Dataset extract:
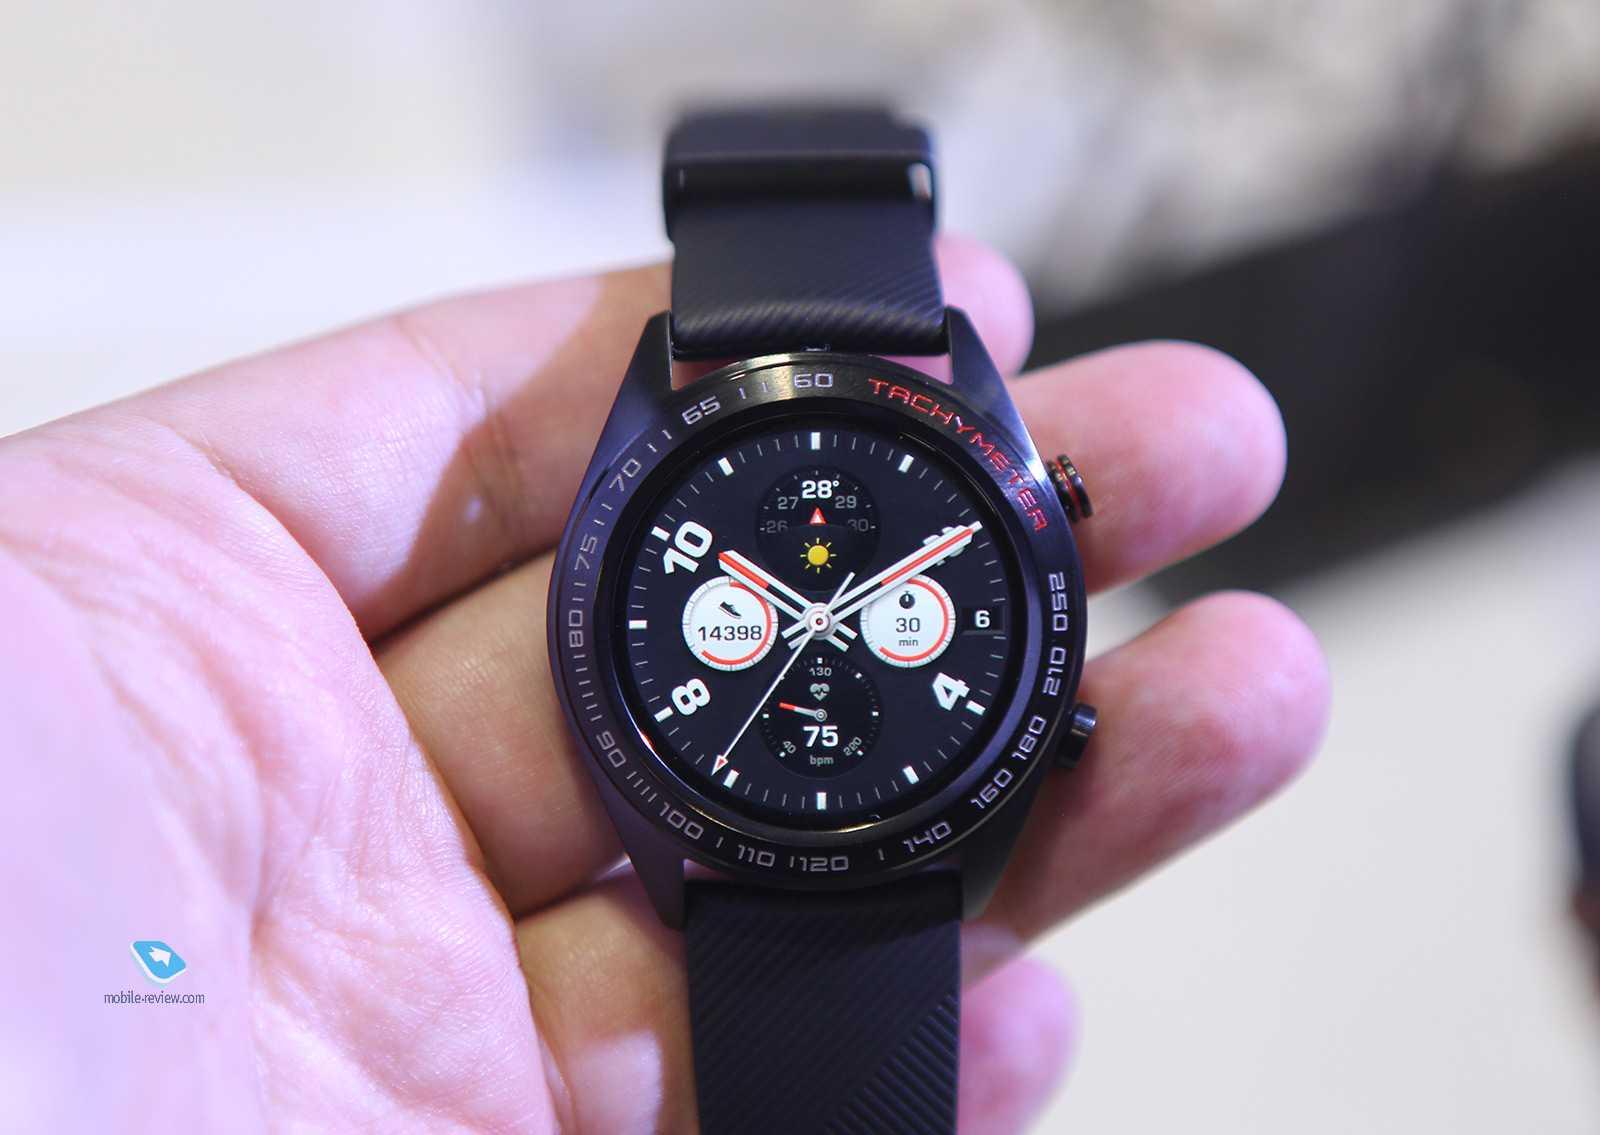 Циферблаты для huawei watch gt/gt 2 и honor watch magic: где скачать, как установить новые и поменять старые
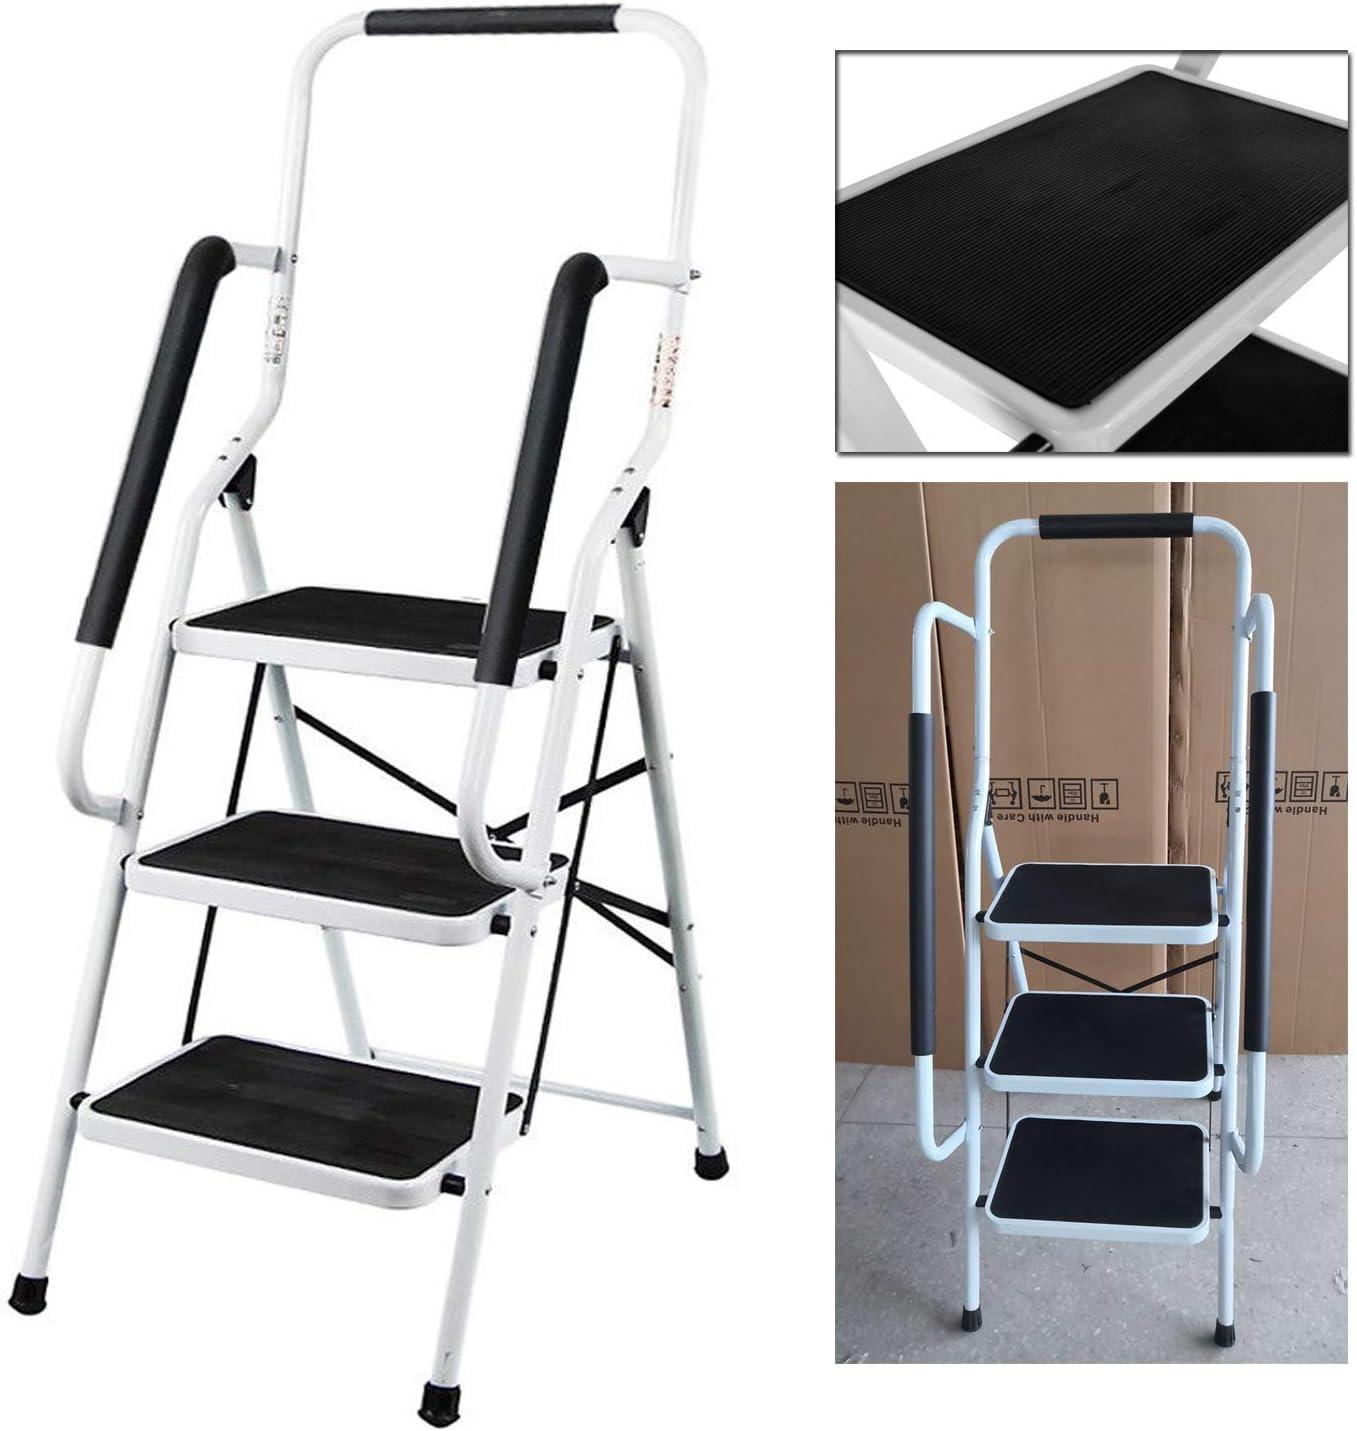 Escalera de acero de 3 peldaños, portátil, plegable, resistente, antideslizante, con barra de seguridad, capacidad de carga de 150 kg: Amazon.es: Bricolaje y herramientas
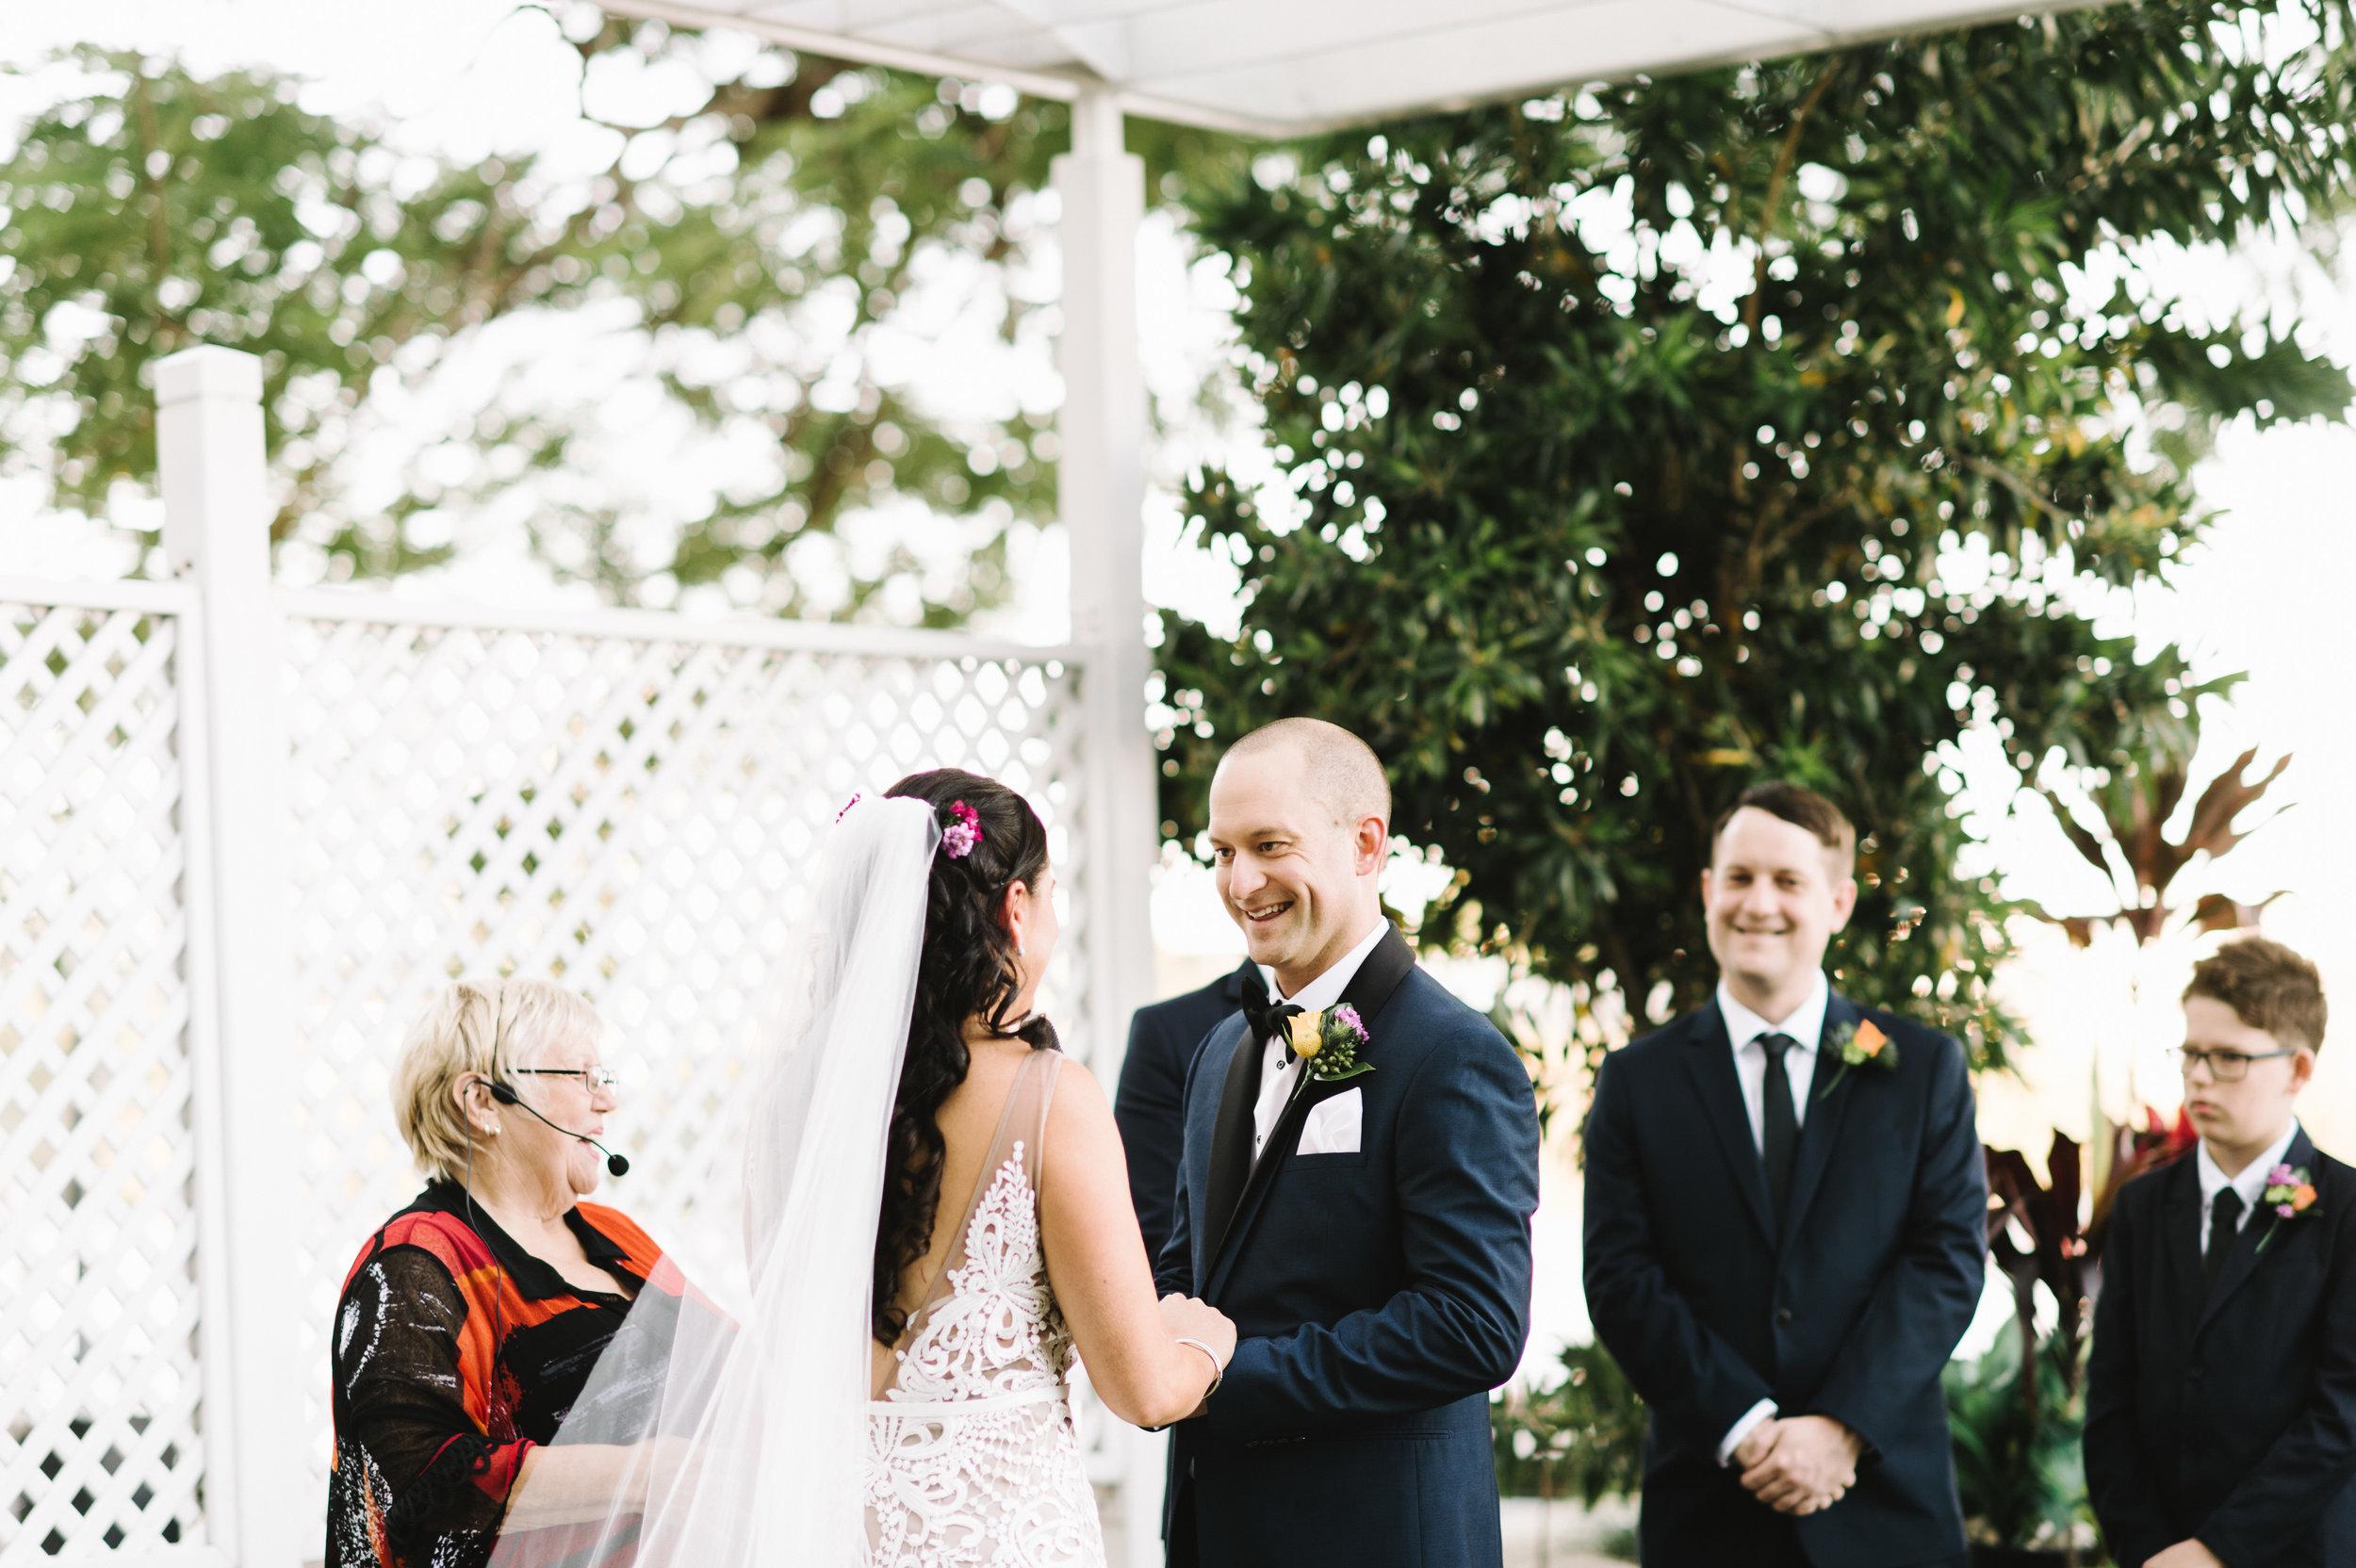 brisbane-stamford-plaza-wedding-36.jpg
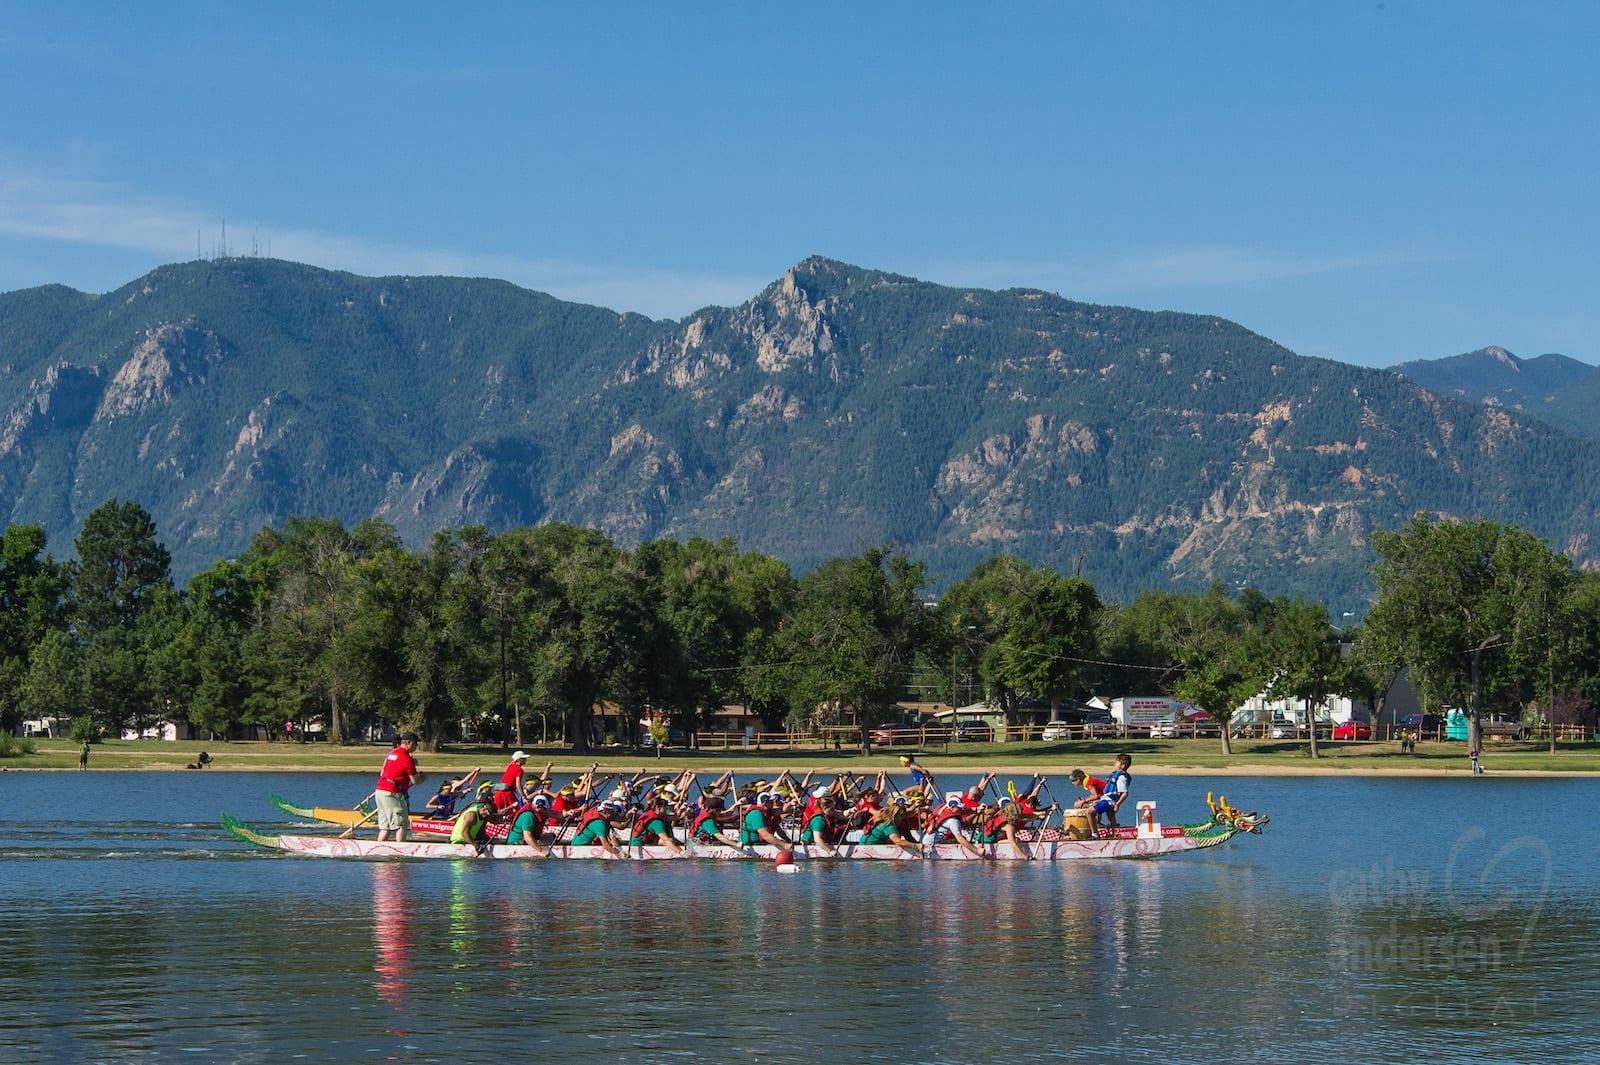 Dragon Boat Race, Prospect Lake, Memorial Park, Colorado Springs, CO

Activity: The lines from the one containing "brisbane-stamford-plaza-wedding-36.jpg" through the last line of the data above are to be transcribed exactly, both included, with all pictures left out.

Task output:
 brisbane-stamford-plaza-wedding-36.jpg
 Dragon Boat Race, Prospect Lake, Memorial Park, Colorado Springs, CO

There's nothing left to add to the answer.